Я пробыл у него достаточно долго. Он показал мне хозяйство Дастина с системой подземного подогрева и баню по-черному, куда мы не замедлили отправиться. Угостив этой преисподней, сенатор пригласил меня в беседку. Шарлотта Марковна принесла квас из березового сока на клюкве.
Чувствовалось, что все в этом семействе живут душа в душу, как взаимно простые числа. Но ощущение, что на степенности быта лежит отпечаток тайны, не проходило. Если они улыбались, то сдержанно, если смеялись — то не громко.
Пошел дождь. Мы уселись у камина. На столике были расставлены каменные шахматы. Дастин играл сам с собою. Он передвигал фигуры и сверял ходы по компьютеру.
— Я люблю ездить в разные страны в такую погоду, — пояснил он свою скуку.
Прощаясь, сенатор протянул мне папку с надписью «Отчет о проделанной работе» — второй том записок Артамонова.
— Думаю, что он уже не вернется к бумагам, — сказал сенатор. — А мне хочется, чтобы книга вышла.
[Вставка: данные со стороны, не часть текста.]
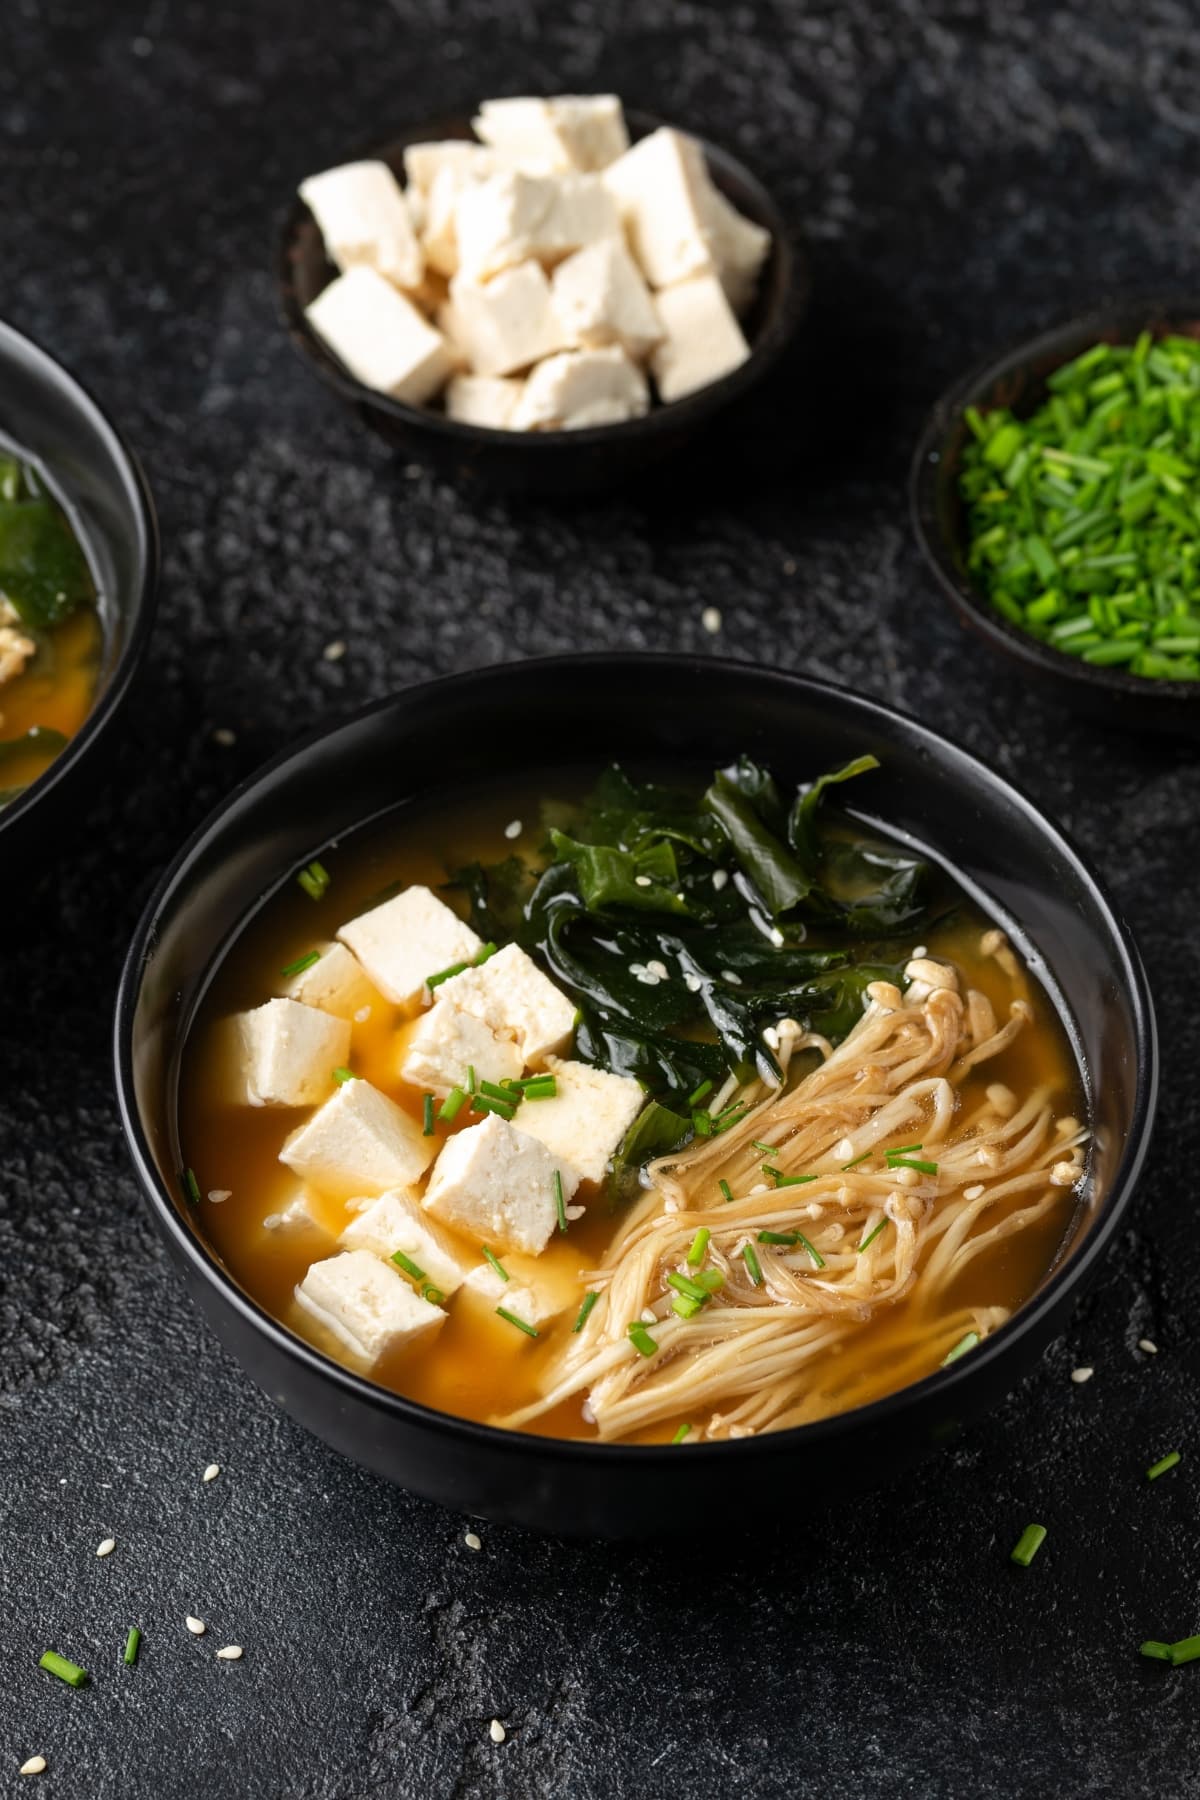 Rich miso soup with enoki mushrooms, tofu and seaweeds

В поезде я уселся за рукопись. Она открывалась эпиграфом: «Нас метила жизнь, как режиссер метит романтическими штрихами тех, кого убьют в конце, как лесник метит деревья на сруб. Суд не оправдал надежд, и они были приговорены к высшей мере — любви».
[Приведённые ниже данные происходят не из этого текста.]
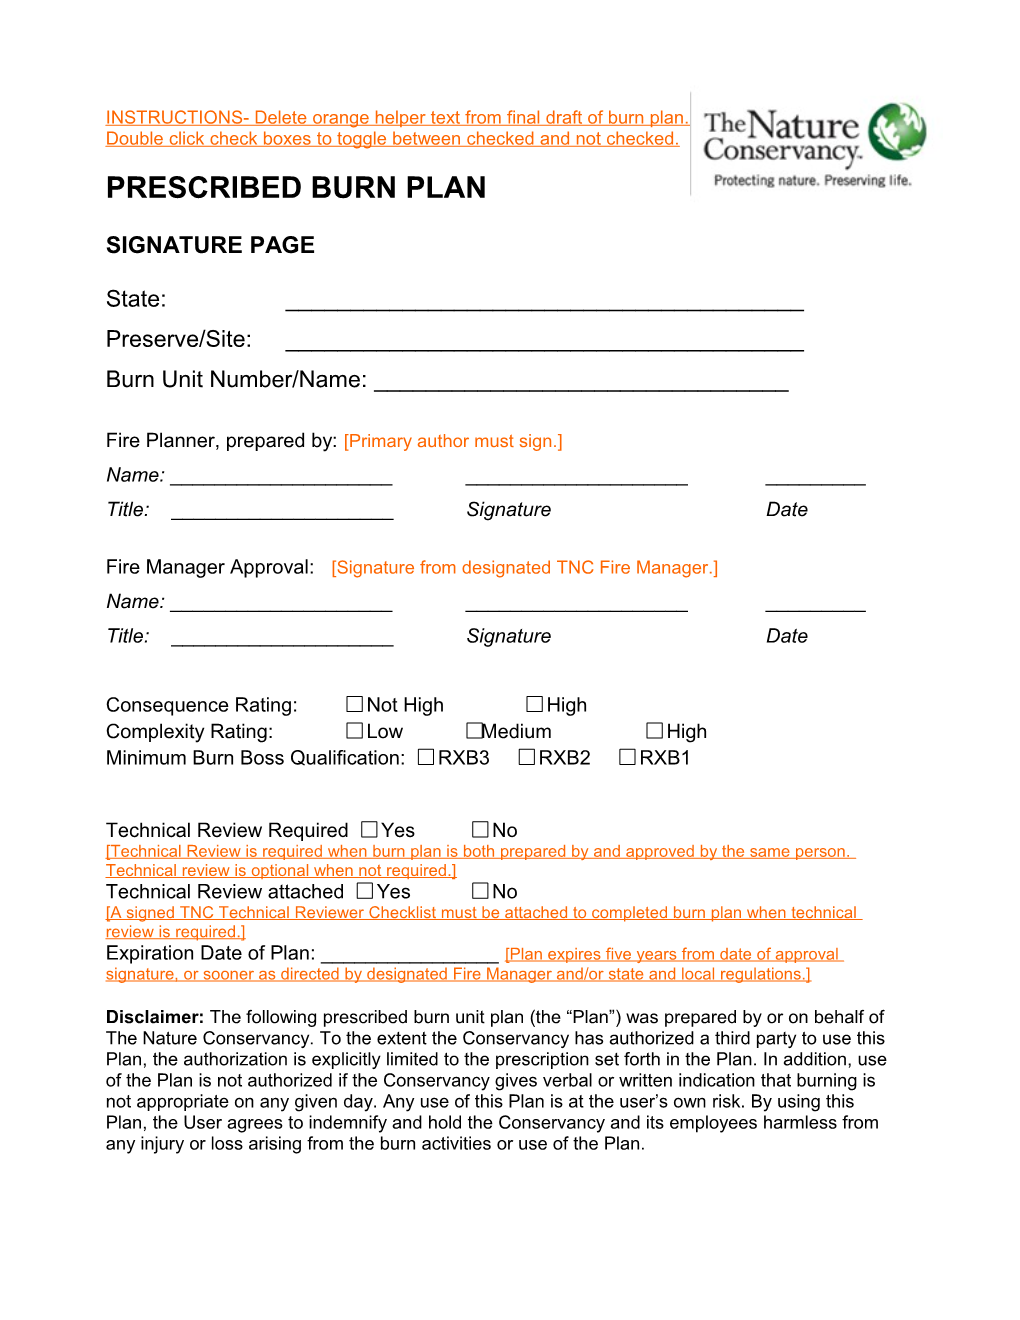 INSTRUCTIONS- Delete Orange Helper Text from Final Draft of Burn Plan

Дальше шел рассудительный текст: «Который год в раздумьях — писать книгу или нет. Как представишь, какой песчинкой она будет среди мириад так и не изменивших мира произведений — становится трезво и холодно. Но, перечитывая Набокова, Камю, Сартра, опять и опять приходишь к мысли сотворить что-нибудь понятное. Так что же меня останавливает? Я чувствую, что моя философия не будет удовлетворена написанием книги. Тайны бытия, терзающие меня, так и останутся тайнами. Выходит — зачем писать? Но зуд продолжает иметь место. Странно, что он не может пройти так долго. А может, в процессе творчества и происходит развязка? Жизненный путь многих писателей — тому свидетельство. Ежедневно на Земле рождаются и умирают тысячи людей. Среди них время от времени появляются и исчезают писатели. Для чего человек пишет книгу? Нравственность существует сама по себе — книги ничего в ней не меняют, культура развивается по собственным законам. Написать книгу для того, чтобы появилось несколько рецензий? Чтобы ее раскупили люди, с которыми автор не желает знаться? Для кого же он тогда пишет? Получается для себя. Это — его личное дело, наравне с клепто- и прочими маниями, то есть — болезнями. Или это из ряда естественных отправлений. Вот стоят на полке тысячи интересных книг, ну и что от того, что они стоят! Время от времени мы их читаем. Кто-то тешится диссертациями по ним, кто-то торгует ими, кто-то болеет собирательством. Но в принципе книги существуют сами по себе. Мы не содрогаемся от мысли, что вот, мол, были же люди! Писали такие вещи! Нет. Все обыденно. И полагать, что книга пишется во имя культуры наивно. Книга пишется — для равновесия души.